I have a Pig script (using a slightly modified MultiStorage) that transforms some data. Once the script runs, I have data in the following format on HDFS:
/tmp/data/identifier1/indentifier1-0,0001
/tmp/data/identifier1/indentifier1-0,0002
/tmp/data/identifier2/indentifier2-0,0001
/tmp/data/identifier3/indentifier3-0,0001
I'm attempting to use S3DistCp to copy these files to S3. I am using the --groupBy .*(identifier[0-9]).*
option to combine files based on the identifier. The combination works, but when copying to S3, the folders are also copied. The end output is:
/s3bucket/identifier1/identifier1
/s3bucket/identifier2/identifier2
/s3bucket/identifier3/identifier3
Is there a way to copy these files without that first folder?
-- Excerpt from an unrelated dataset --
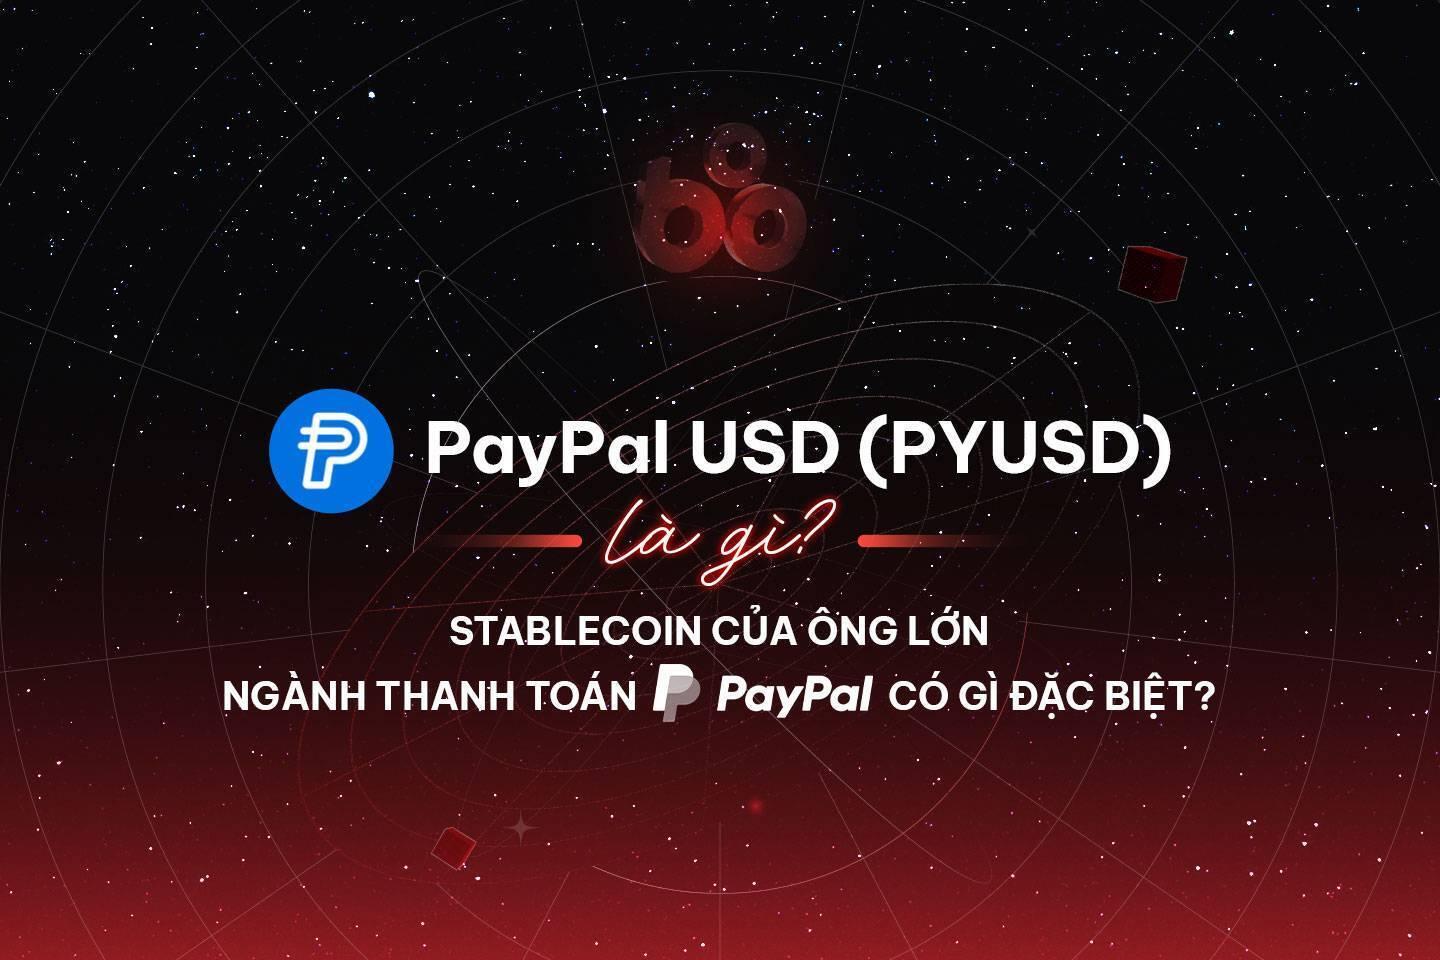 paypal-usd-pyusd-la-gi-stablecoin-cua-ong-lon-nganh-thanh-toan-paypal-co-gi-dac-biet

Ideally, my output in S3 would look like:
/s3bucket/identifier1
/s3bucket/identifier2
/s3bucket/identifier3
Another solution I've considered is to use HDFS commands to pull those files out of their directories before copying to S3. Is that a reasonable solution?
Thanks!
The solution I've arrived upon is to use distcp
to bring these files out of the directories before using s3distcp
:
hadoop distcp -update /tmp/data/** /tmp/grouped
Then, I changed the s3distcp
script to move data from /tmp/grouped
into my S3 bucket.